More recently, war risks have been removed from ordinary marine policies and are covered by separate war risk policies. Ordinary marine policies no longer mean what they state and only cover those risks which are not excluded by the F.C. & S. (Free of capture and seizure) clause. Among the perils "of the seas" that are deemed to be covered under a marine policy are the extraordinary action of the wind and waves, collision, foundering, stranding, striking on rocks and icebergs. Not covered are ordinary wear and tear and losses which can be anticipated as regular incidents of sea carriage or navigation.
Hull policies, that is policies insuring ships, used to be quite specific as the risks they covered. Modern policies are written to cover most forms of liability. A "collision and running down" provision is contained in the standard hull policy to cover liability incurred for damage to another vessel or structure, and sometimes even personal injuries incurred. The protection and Indemnity policy covers against collision liability not covered by the "collision and running down" clause, as well as against all other liability exposure.
Under a marine policy a loss can be partial or total. Total losses can be actual or constructive. Actual total loss can be defined as the situation in which a ship or its goods can no longer arrive at their destination in specie. Actual total loss can also be found where the goods are so damaged in the course of the voyage that, while they still exist in specie at that time and can be sold where they are, there is no reasonable possibility that they can be transported to their destination without complete destruction or change. Constructive total loss is distinguished from actual total loss in that no formal abandonment need be made in respect of the actual total loss whereas the tender of abandonment is a prerequisite of a claim under constructive loss.

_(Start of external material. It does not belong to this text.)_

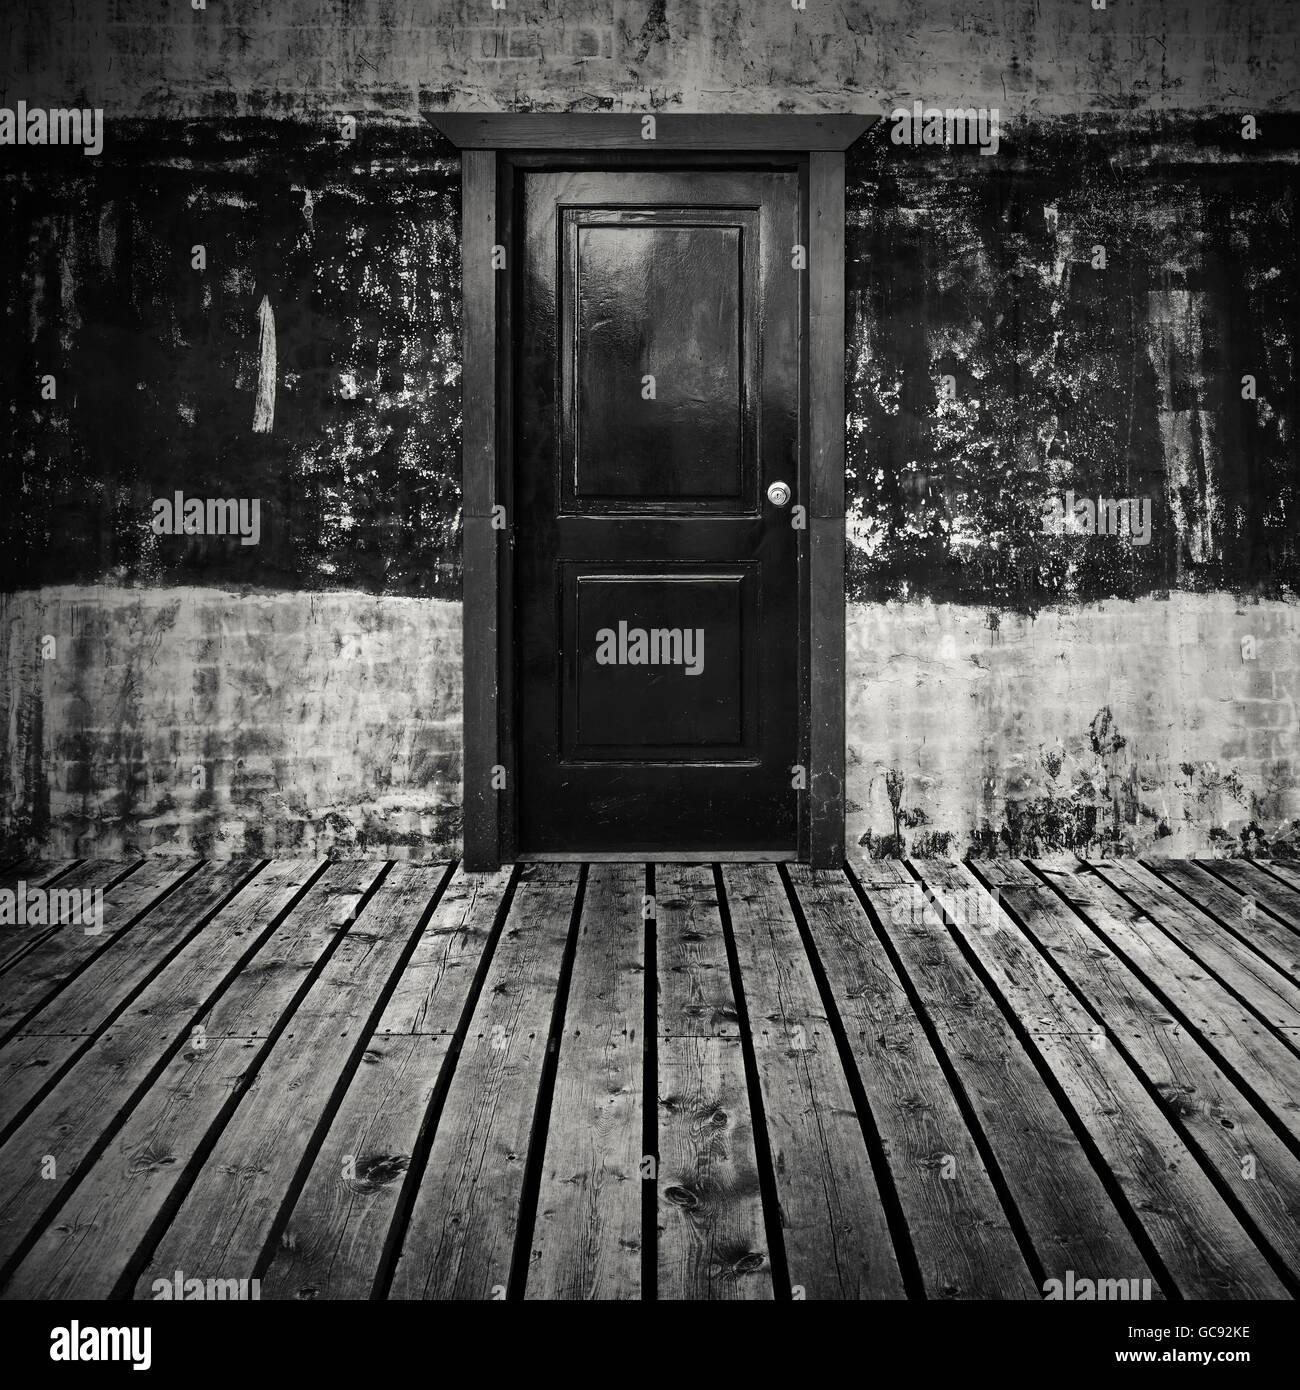 Abstrakte Leeren Dunklen Raum Innen Hintergrund Mit Grauen Holzboden

Most marine insurance policies are "agreed value" policies which means that the insured and the underwriter have already set a value for the insured vessel.
Limitation of Liability
An owner of a vessel is sometimes permitted to file for limitation of liability with regard to an event which may expose him to a claim or suit for damages. The institution of limitation of liability has its roots in medieval sea codes to encourage maritime activities and protect vessel owners at a time when corporate entities were not yet in existence. The institution, however, with some modifications, is still very much alive.

Normally, the vessel owner will institute limitation proceedings without admitting liability. He must do so within six months of the event or accident giving rise to the claims. He must also turn over to the court the ship or the equivalent value of it, whatever it might be after the event giving rise to the claims. Notice must also be given to the known claimants and is to be published. Once the limitation is in place, if the trial exonerates the vessel owner, he will owe nothing. If he is found at fault, he may be able to limit his liability to the value of the ship. A part owner of a vessel may limit his liability to his share in the vessel.

An additional bonus to vessel owners, and the subject of some controversy, is the insurance issue. An insurance company is apparently subrogated to the vessel owner and enjoys the same limitation of liability. If a yacht, following a maritime disaster, is worth $5,000 that would be the maximum the insurance would have to pay to the claimants if the limitation of liability is granted. On the other hand, because the hull insurance (which, as we have seen, is the portion of the policy which covers the vessel itself) does not go to the limitation fund, the vessel owner may collect the proceeds of such insurance, while the claimants are limited in their recovery to the value of the vessel.